42 The other aspect of the claim, the bargaining fee debit facility, is analogous to a demand by unions that an employer pay its employees’ union dues by making deductions and payments from salary due and payable to employees in accordance with authorities provided by them. Such a claim has been held to not be within the requisite employment relationship. In Portus, Menzies J observed (at 360) that such a claim:
“[involved] the same critical question, namely, whether the imposition upon an employer of an obligation to make deductions and payments from salary in accordance with the authority of the employee to whom the salary has become due and payable affects the industrial relationship of employers and employees. The identity of the payee does not seem to me to be significant in determining the character of such a dispute, unless, of course, the payment relates to an incident of the employment such as a deduction for and payment to a superannuation fund. In my opinion, the relationship that would be affected by such an obligation is a financial relationship of debtor and creditor arising from the earning of salary, not the industrial relationship in which the salary has been earned and has become payable. What is sought, in reality, is to make the employer the financial agent of the employee for the benefit of the association.”

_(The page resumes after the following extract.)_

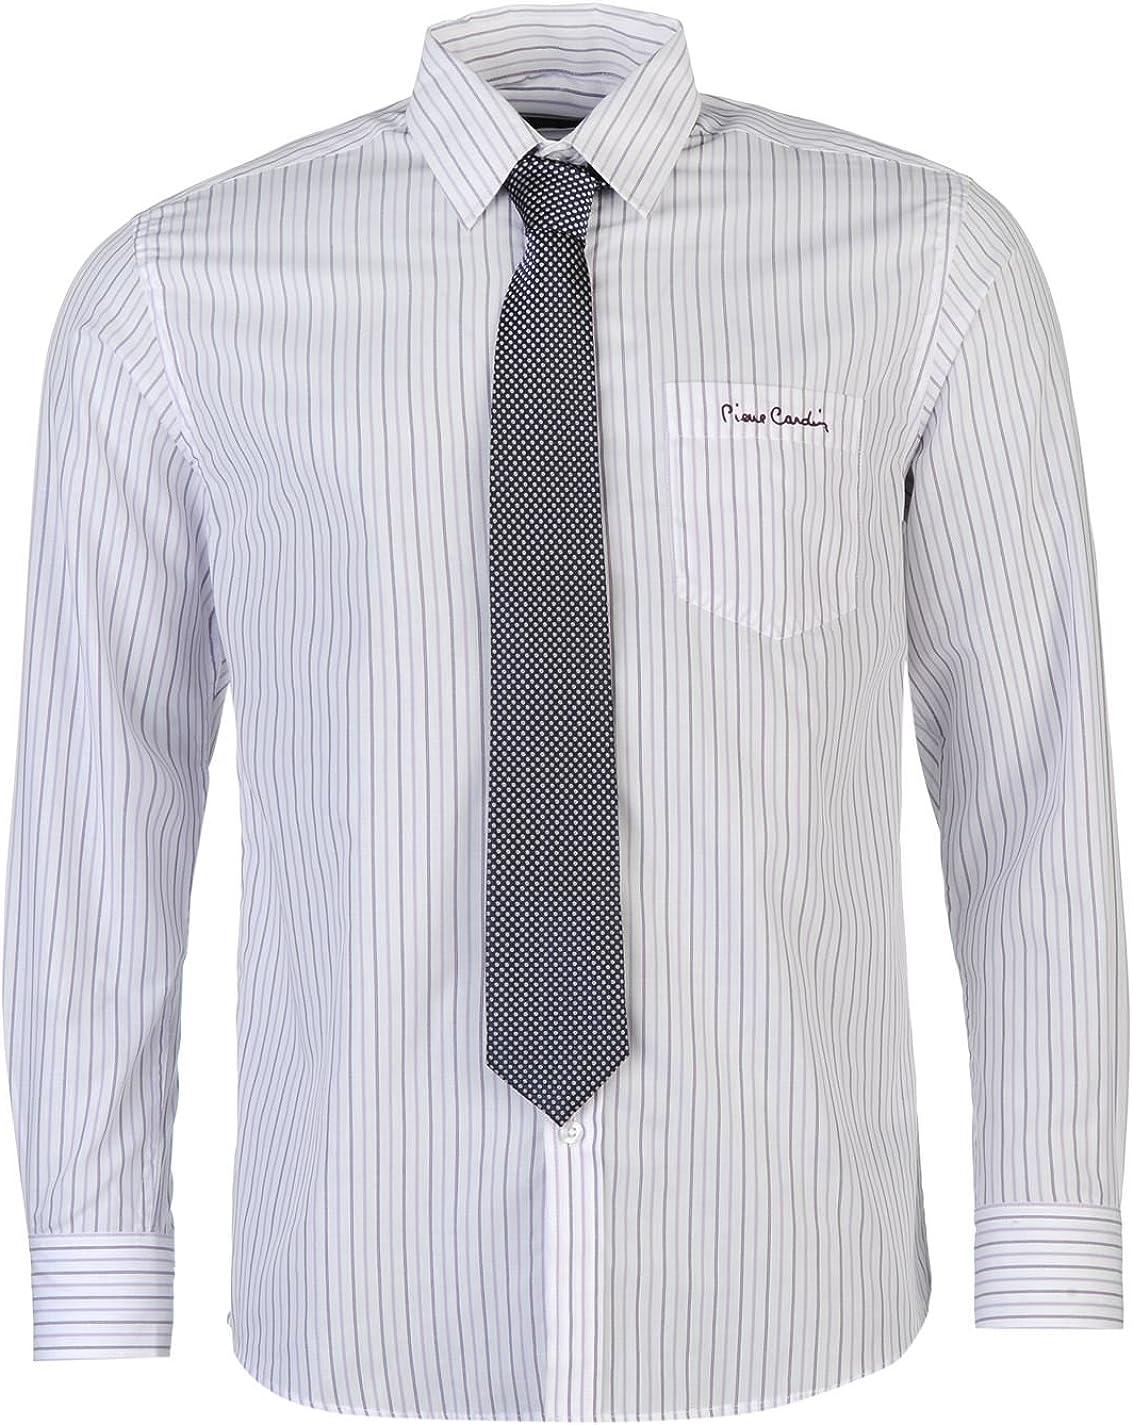 Pierre Cardin Hombre Camisa Ropa Mangas Largas Casual Vestir ...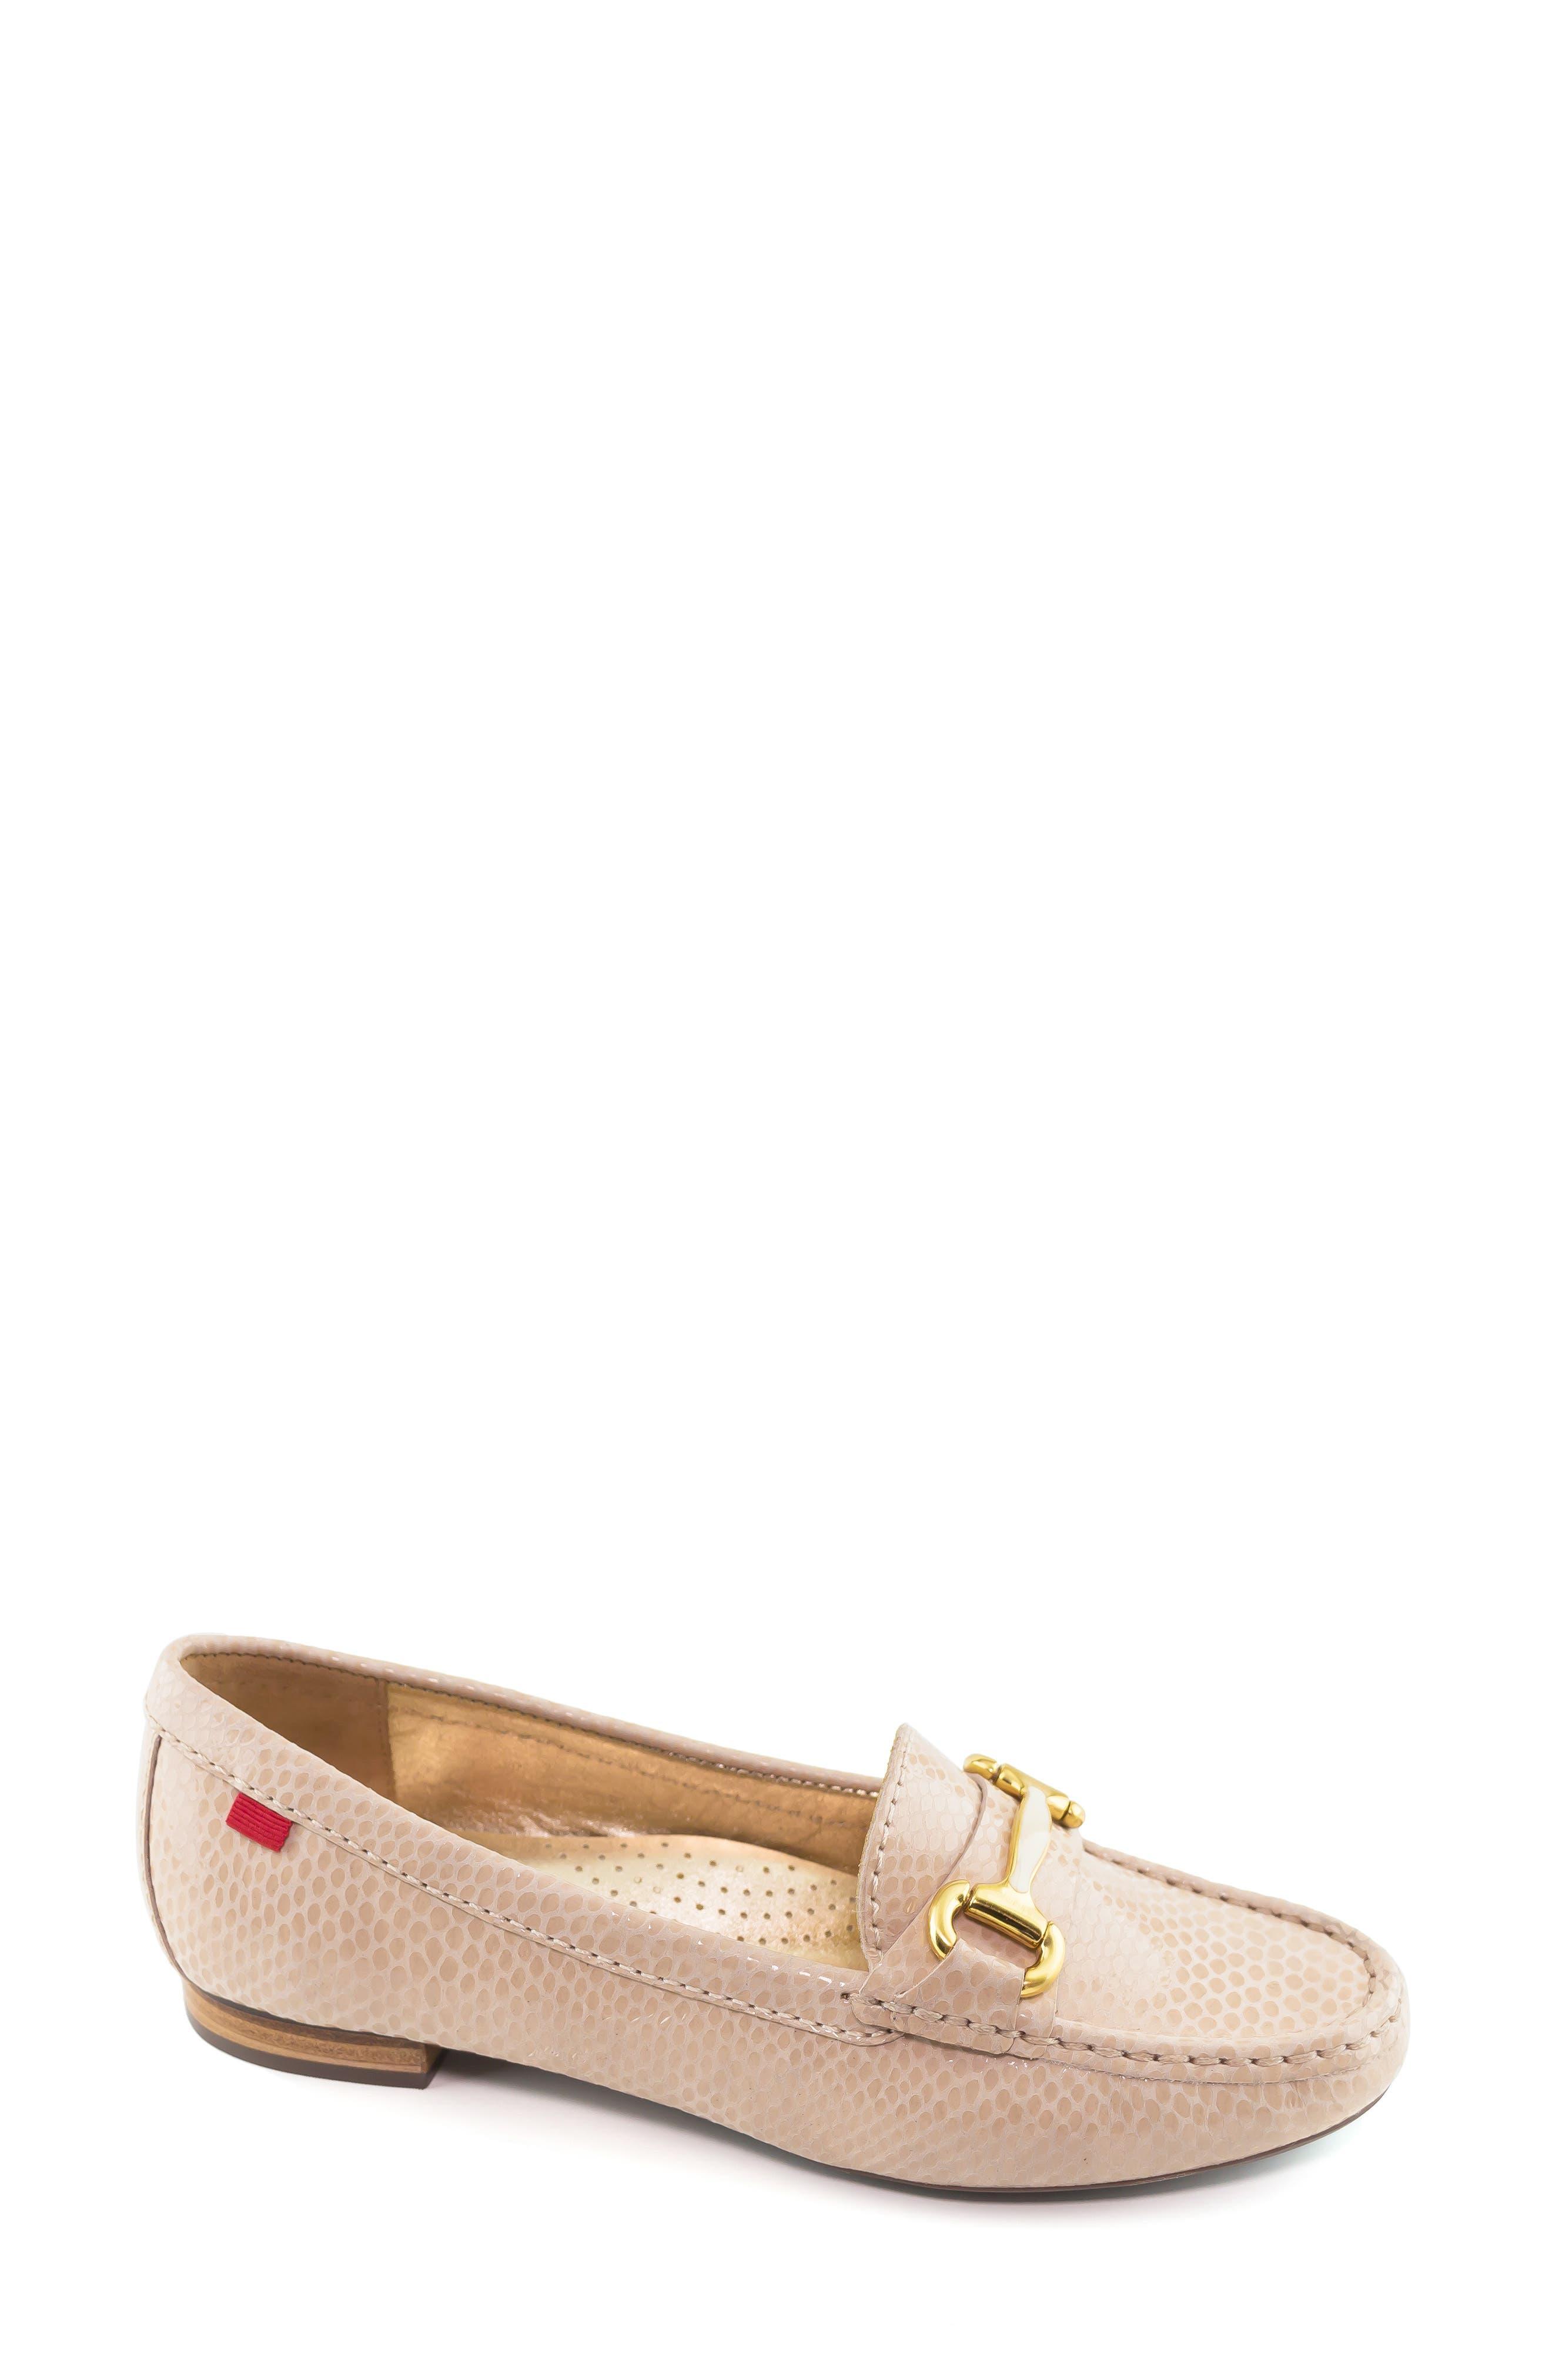 Marc Joseph New York Grand Street Loafer, Pink

43 Walsh J observed (at 365) that the benefit of offering an employee the payment facility was “not a benefit or privilege of a kind which has any relevant connexion with the relationship of employer and employee”. His Honour also observed (at 369) that recognising the importance of the functions of unions “does not warrant a conclusion that anything that serves to benefit one of them and to give it additional strength, by increasing its financial stability or otherwise, is to be regarded as an industrial matter within the meaning of the Act”. Stephen J observed (at 372):
“If, in the existing circumstances of employment, it was demanded of the employer that it accept back from employees a part of the remuneration paid, retain it for a period of time and then pay it over to a third party, the association, such a demand would be seeking to create a new, distinct relationship between the employer and its employees, having no connexion with the pre-existing employer-employee relationship. The fact that the present demand is made to operate at a slightly earlier stage, before salary is in fact paid over to employees, thereby obviating one step in the imaginary demand I have postulated, that of the acceptance of money back from employees, does not appear to me to convert a transaction foreign to the relationship of employer and employee into one which pertains to that relationship.”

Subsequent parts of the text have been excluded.